AISLE SAY Seattle, Washington

THE BEAUTY OF THE FATHER

By Nilo Cruz
Directed by Sharon Ott
Produced by Seattle Repertory Theatre
155 Mercer St. Seattle, WA 98109 / (206-443-2222

Reviewed by Jerry Kraft

Nilo Cruz is that rare creator in contemporary theatre, a genuinely lyric voice with a passion for the small stories and commonplace incidents that define individuals. In "The Beauty of the Father" his concern is love that has been misplaced, hearts that reach out for one another but rarely and only incompletely connect, and an endless faith that somehow, someway it will be possible to find that fullness which is only truly defined by the emptiness that precedes its arrival. There is a great deal of poetry in this production, not only in the language, but in the visual invention and in the conception of the characters. Sadly, it doesn't really work. It's a curious instance of being both over-developed and under-realized, and we are too often aware of the desire of the writing instead of the desire of the individuals. In spite of quite good performances, these people feel distant, more like embodied concepts than dimensional human beings, and there's not enough sense of lives lived, of mistakes made, of pain and regret and need urgent enough to compel the drama.

The impetus of the story is that vivacious young Marina, upon the death of her mother, has come to Spain to re-unite with her alienated, artist father, Emiliano. That she knows virtually nothing about him, or his life, is made clear with the discovery that a handsome young Moor she's infatuated with was once her father's reluctant lover, and is now married (albeit for convenience) to an older woman who is still in love with Emiliano. Adding to the romantic dispossession, the spirit of the great Spanish poet and playwright Frederico Garcia Lorca haunts both this seaside hacienda and Emiliano's work as a painter.

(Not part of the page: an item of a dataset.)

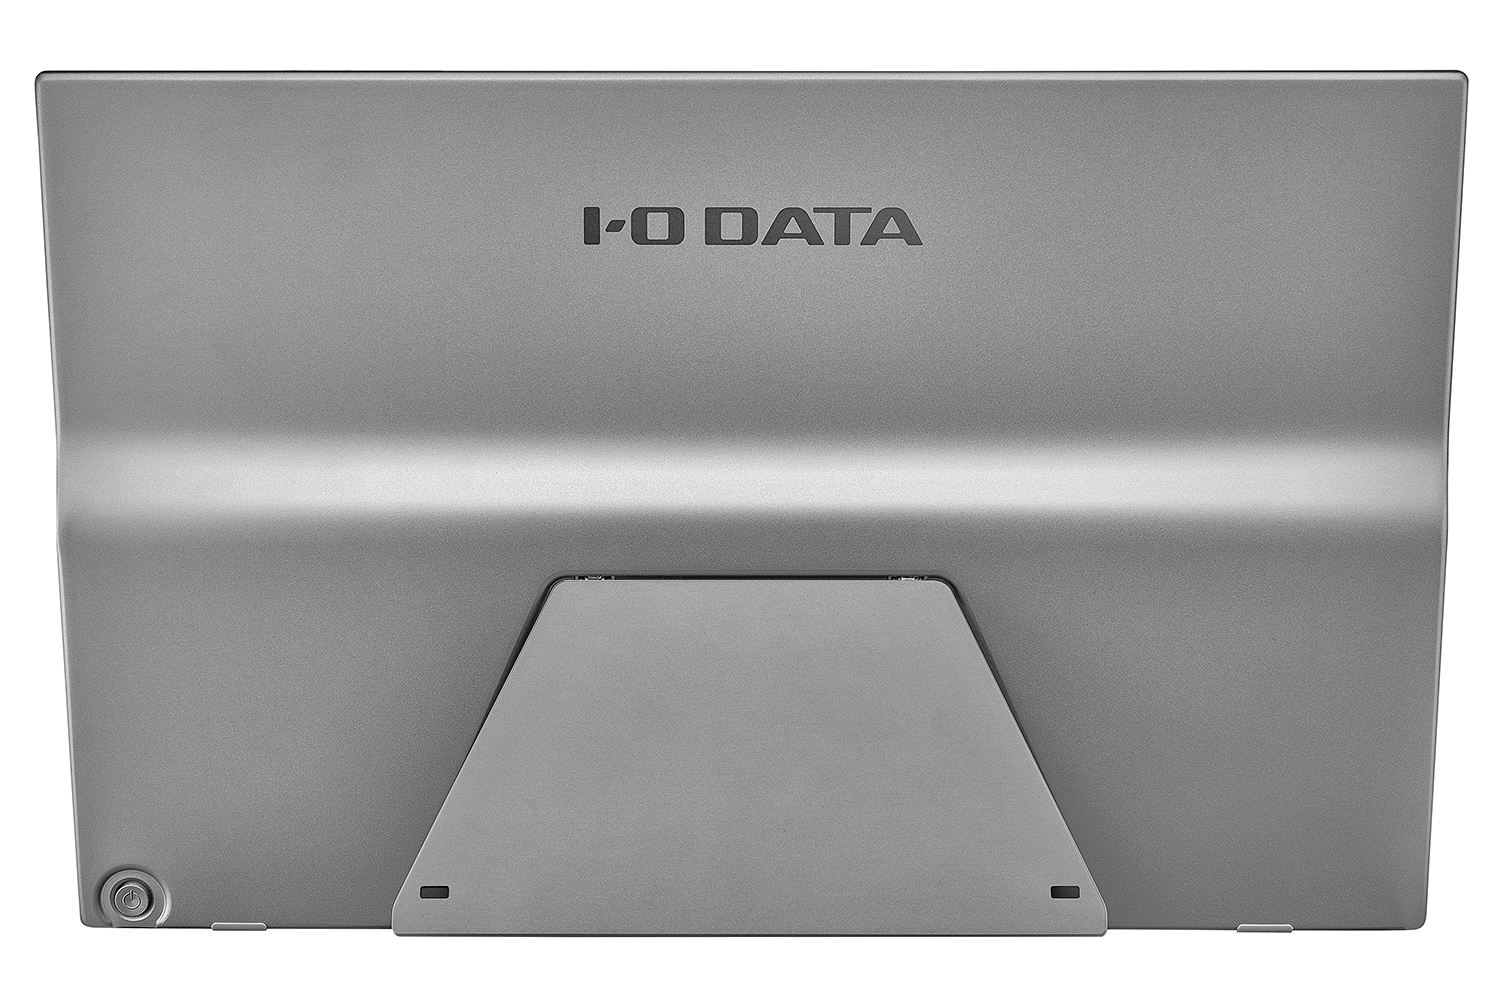 EX-LDC162ABM | 個人向けワイドモデル | IODATA アイ・オー・データ機器

The unraveling of these thin but twisted threads is accomplished through drink, festive celebration, the revelation of uncertain desires and unwanted self-knowledge, and a sense of the mystical that exists both between people and inside them. There are some social, political, sexual and gender issues, but they feel more like issues than motivations, and in spite of Sharon Ott's solid direction, which gives the action an important deliberation and clarity, the emotion doesn't really sweat, doesn't really bleed, and doesn't really affect us.

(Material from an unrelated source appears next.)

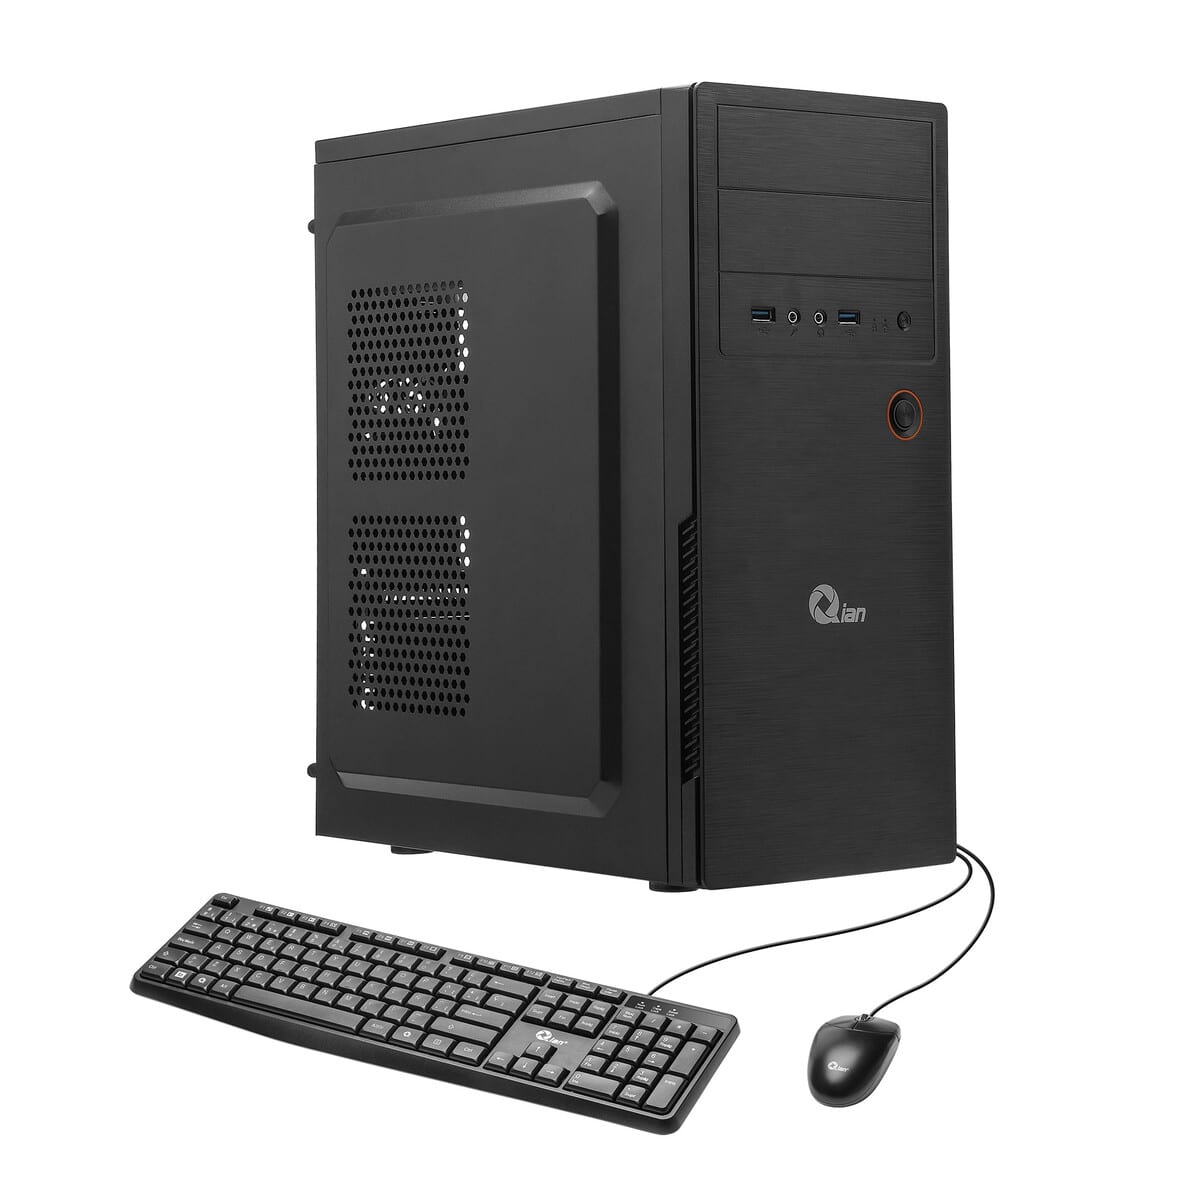 Desktop Qian Qpi Opci01 01 Core I5  16Gb Ddr4  480 Ssd  H610M E  T M - QIAN

As Marina, Onahoua Rodriguez is vibrant and quite beautiful, but never really convinces us of the necessity of her knowing her father, or of why her father needs to reconcile with her at this point in their lives, or of what that reconciliation would consist of. She has an appealing sexual attraction to the handsome and conflicted Karim (Paul Nicholas), but when she discovers that he is both compromised and indecisive, it doesn't seem to cause her much real pain. Then again, should a quick vacation romance be expected to have much consequence? Mr. Nicholas as Karim creates the most interesting character in the play, but this young man who suffers from the confusion created by his relationship with Marina's father never really gets to show us why the relationship happened, who he was before it happened, or how it changed him. The biggest part of the problem is the character of Emiliano himself. Tom Ramiriz looks perfect, with his great, loose stature and his long braid, as a man who has indulged himself in the name of art, and long ago accepted the cost of being either inauthentic or uncommitted. That inner struggle is where the spirit of Lorca comes into play, and while it provides wonderful opportunities for Cruz to editorialize and expound on the meaning of it all, it doesn't really illuminate Emiliano, or answer our deeper questions about him. Jonathan Nichols, as Lorca, has a charming, wise, bemused perspective on all of these people, but it feels artificial, like an idea from a writer's study, not an ephemera generated by the situation. The one character who felt entirely realized was the middle-aged, passionate Paquita (Karmin Murcelo). Hers was the one instance where I believed she knew the man's scent, had loved him for all his flaws, had accepted and grown from the change in her life that came of giving her heart to the wrong person.

The physical production was quite lovely, with an open, heavily raked and sun-drenched set by Etta Lilienthal and sensual lighting by Peter Maradudin, and attractive costumes by Deborah Trout. The action felt slow and transparent in the first act, but generated more heat and interest in the second.

"The Beauty of the Father" was presented in workshop by Seattle Rep last season (just after Cruz won the Pulitzer for "Anna in the Tropics"), and while the play has been significantly developed (especially in the second act), it also feels like it has been over-conceptualized, over-written, and over-poeticized. The desire to make beautiful language is as visceral and intangible as the scents the perfume maker Karim uses to seduce Marina, but like that perfume, too many different scents sampled in too short a time become a confusion of stimulation, effects without identity, a poem of similes without a central, controlling metaphor. "The Beauty of the Father" reaches beautifully, but never touches flesh.